Jane piped in, "What does 'I am' have to do with talking about myself?"

"Well, said the teacher, "It seems to me, if you each prefaced your name with 'I am,' that it must be fundamental to you. Have you overlooked something?

The students sat in silence.

The teacher said, "All of you provided descriptions of your attributes, that which describes your apparent separateness. Even your names provide attributes, maleness with John and Charles, and femaleness with Ashley and Jane. What I am asking is what is common among you, and not separate?"

The students were again quiet, pondering.

After awhile the teacher spoke again. "You see, all of you have overlooked that which has the attributes. Wouldn't you say that that which carries the attributes is more fundamental to you than any attributes you attach to that?"

Several of the students nodded "yes," but said nothing.

"Consider," said the teacher, "that 'I am' is fundamental to each of you. 'I am' is the one statement for which you need no proof. Would any of you say that you do not exist?"
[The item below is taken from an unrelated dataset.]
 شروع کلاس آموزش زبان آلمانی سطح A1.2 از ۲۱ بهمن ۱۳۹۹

They all shook their heads indicating, "No."

"So, when you say 'I am' you are saying first, 'I exist' and only secondarily you are qualifying yourself as Jane, as John, or Ashley. Do you not see that you first are stating who you really are, and only secondarily that you are Jane or John?"

All were still silent.

"When Moses was on the mountain where he received the tablets, he asked God, 'Whom shall I say hath sent me?' What was the answer he received?"

Ashley spoke up, " God said, 'Tell them I Am has sent you.'"
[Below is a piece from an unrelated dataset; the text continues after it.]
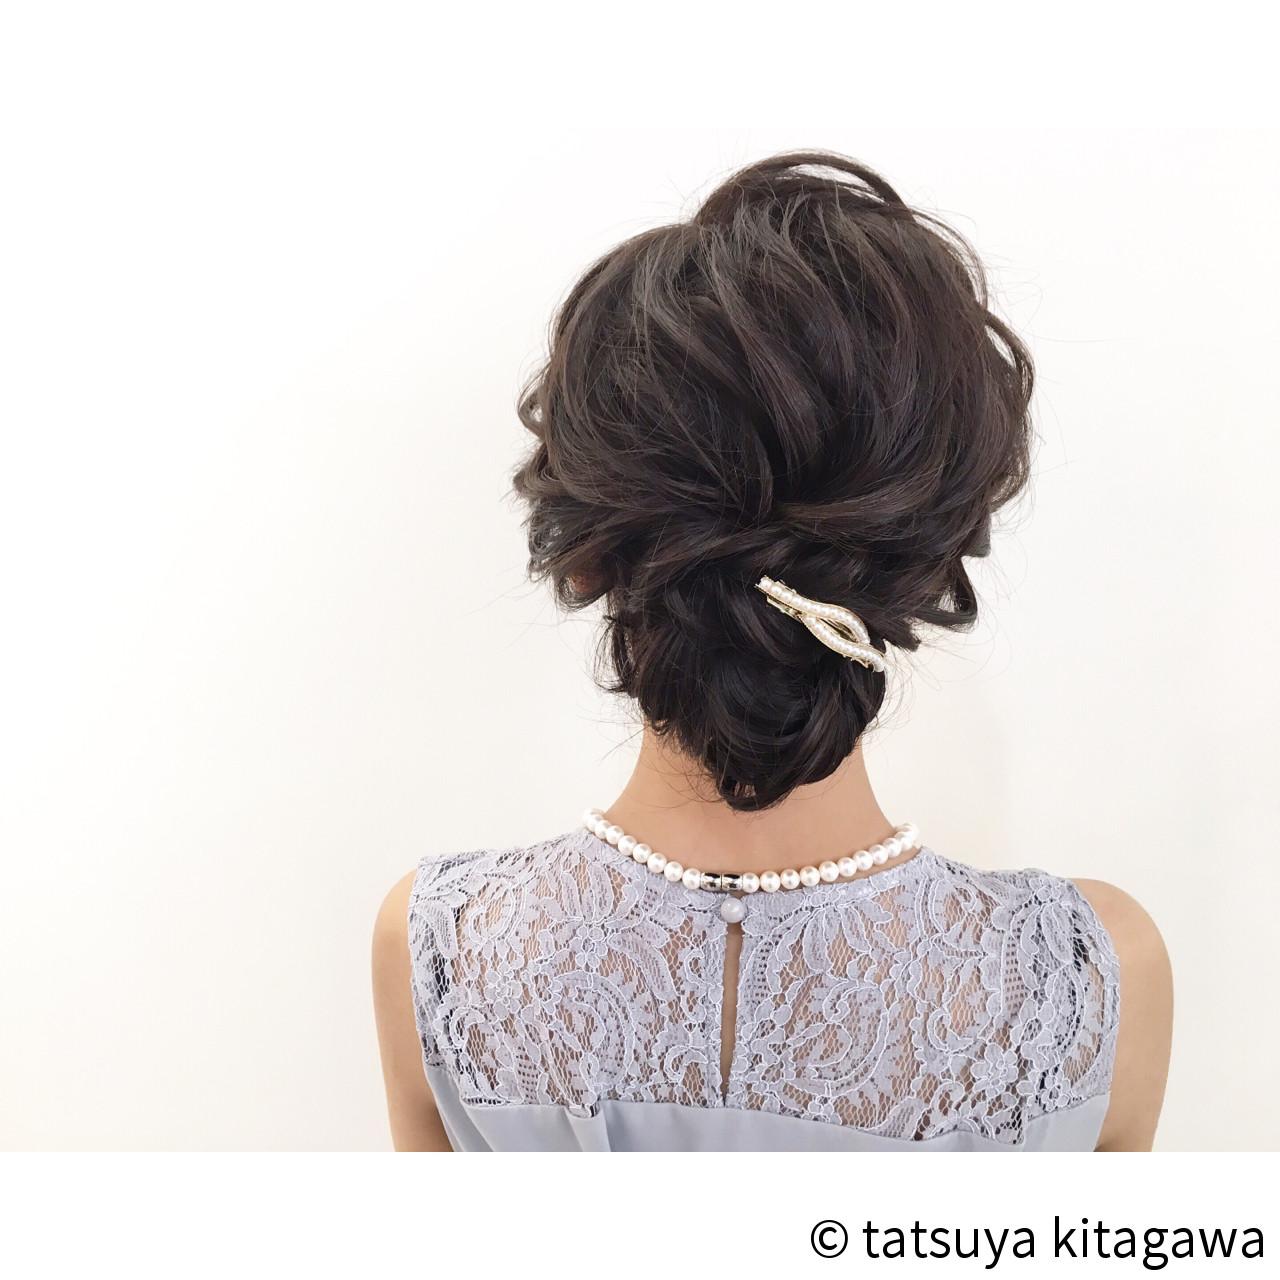 上品 外国人風 ヘアアレンジ アップスタイル ヘアスタイルや髪型の写真・画像

The teacher said, "If God is I Am, then we can agree that 'I Am' is fundamental?"

The students eyes were getting big. Something was dawning on them.

"We overlook 'I am' and get caught in attributes. But our attributes are qualities. These qualities are like clothes. The clothes that God wears."

John and Ashley's jaws were dropping open. They had never considered this.

"I am is common to each of you in this room. I am is what you must have first, to be Jane, or John, or Ashley or Charles. Your parents said I am and your children's children will preface their names with I am. It is not a part of common speech by accident. It is fundamental. Can you see that I Am is what each of you are, before you forget yourself, and took yourself to be Jane or John?"

"Wow," said Charles, "I never saw it that way."

"Ah," said the teacher, " You are beginning to feel that presence, that something that is more basic to you than your attributes. I can see it in your eyes. That's good.

"Do you see that there is a common essence, an I am-ness present in each of you. It has no attributes, so it is easy to overlook, but it easily takes on attributes. Each of you are really that. Your Jane-ness, or Charles-ness, is really a presentation in I Amness. And each of you have taken the clothing as the real you.

"Some call it consciousness. Some call it the 'I principle,' but it is that which we overlook. It's easy to do. Having overlooked this, we begin the search. But we search for what we already are. We are looking out of what we are searching for!"

"So, what am I?" asked Charles."

"You are that. 'I am' has sent you into the world to play Charles. You are an actor on the stage of the manifested world. As Shakespear said, 'All the world's a stage, and all the men and women merely players.'"

Charles just kept saying "Wow." The others were silent.

Knowing that this was enough for the evening, the teacher thanked them for coming and and went to make coffee.